## ACTION ITEM
Once the pictures are set aside, transcribe each line of the listing exactly.

## GIVEN MATERIAL
────
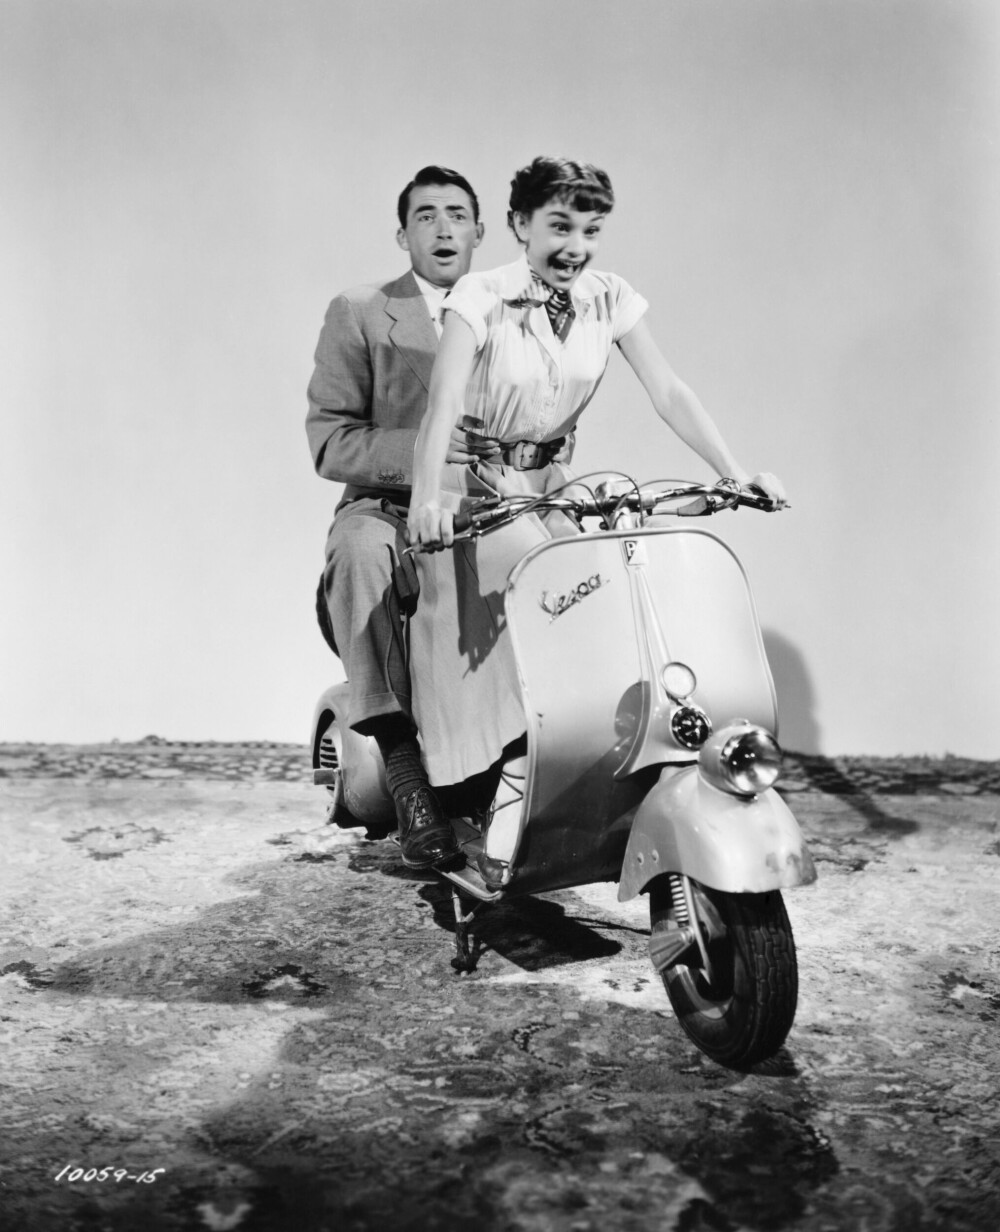 <b>PRINSESSE ANN I STYRINGEN:</b> Bildet er tatt i 1953 under en øvelse til en mopedscene i den romantiske komedien Roman Holiday. Motspiller Gregory Peck henger med som best han kan, med rollefigur Princess Ann i styringen.
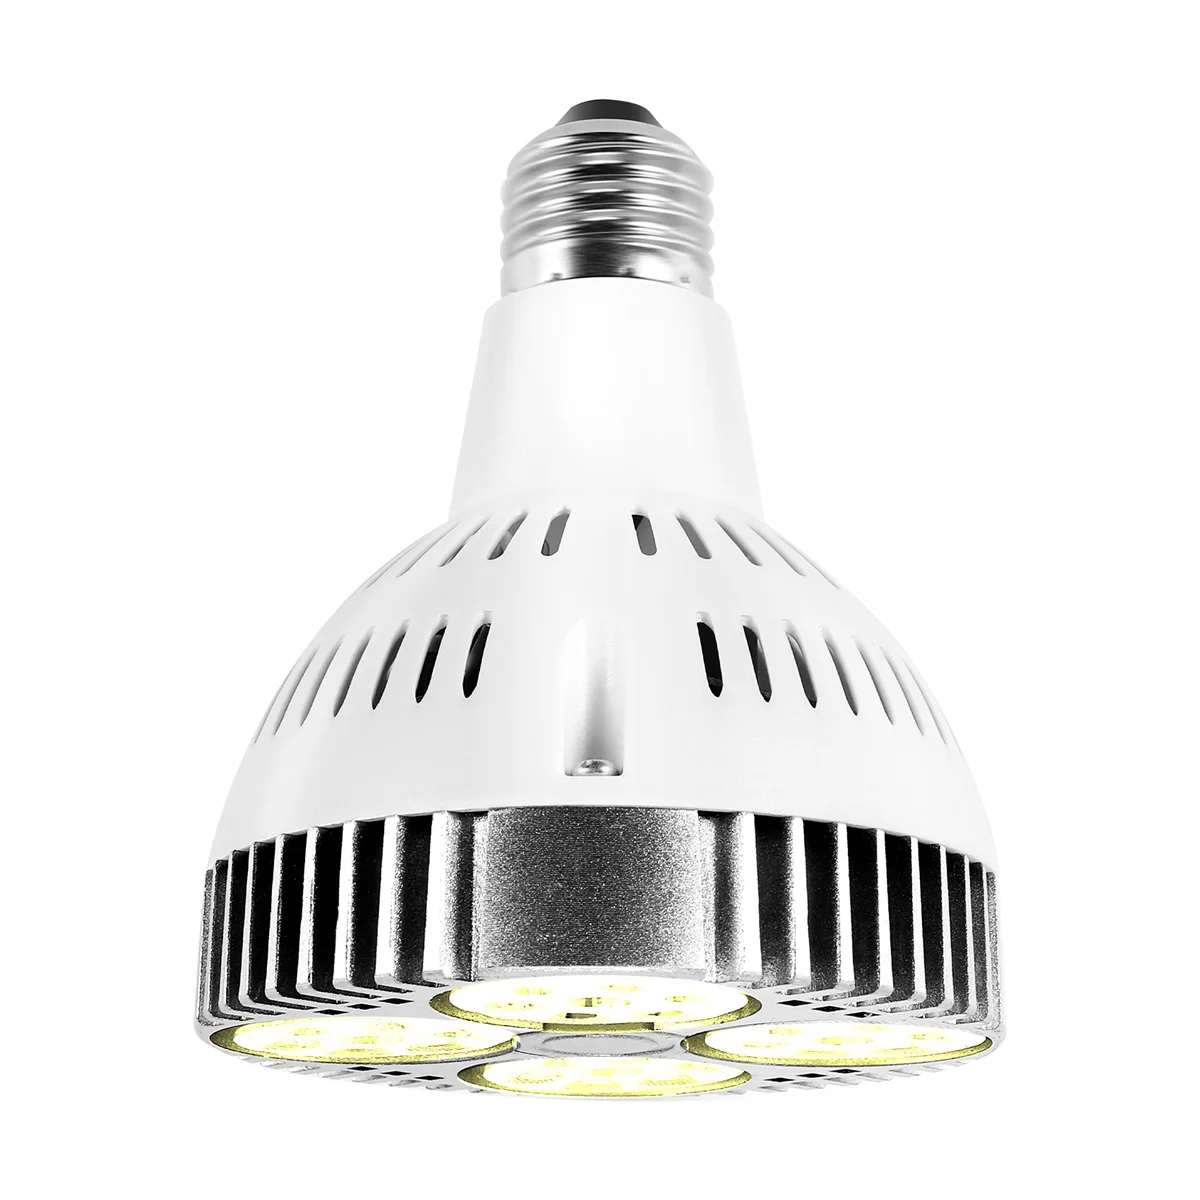 

E27 Plant Lamp Light Bulb 35W LED Plant Grow Light Full Spectrum Warm White Light for Indoor Garden Greenhouse
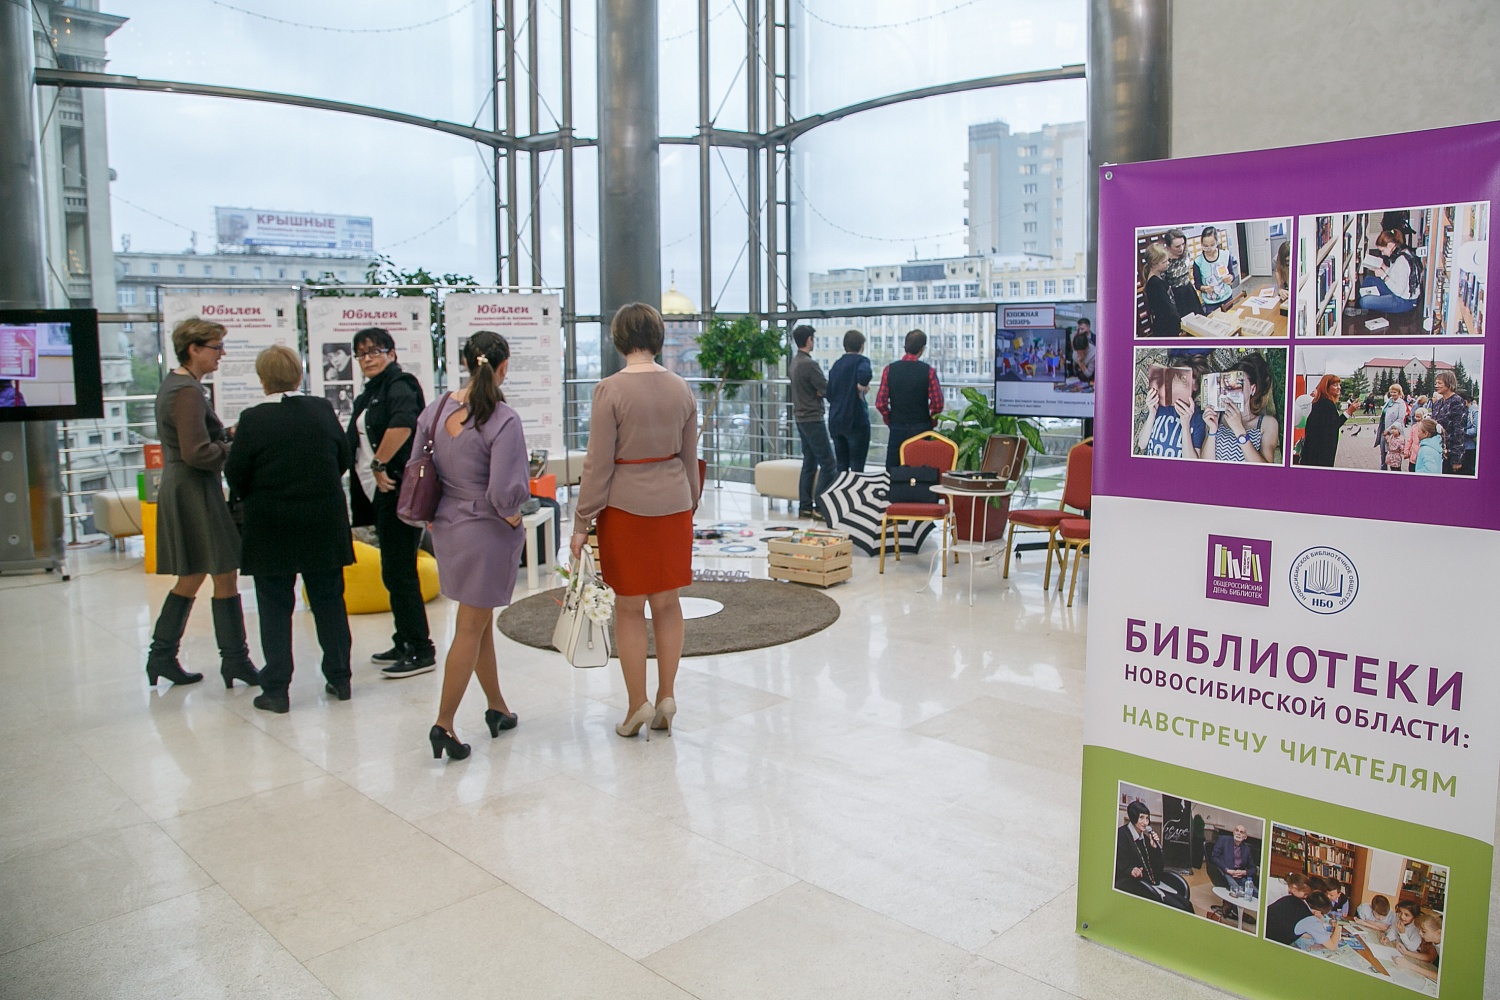 25 мая 2018 года в Большом зале правительства Новосибирской области состоялось официальное празднование Общероссийского Дня библиотек
────
## EXPECTED OUTPUT
 <b>PRINSESSE ANN I STYRINGEN:</b> Bildet er tatt i 1953 under en øvelse til en mopedscene i den romantiske komedien Roman Holiday. Motspiller Gregory Peck henger med som best han kan, med rollefigur Princess Ann i styringen.

E27 Plant Lamp Light Bulb 35W LED Plant Grow Light Full Spectrum Warm White Light for Indoor Garden Greenhouse
 25 мая 2018 года в Большом зале правительства Новосибирской области состоялось официальное празднование Общероссийского Дня библиотек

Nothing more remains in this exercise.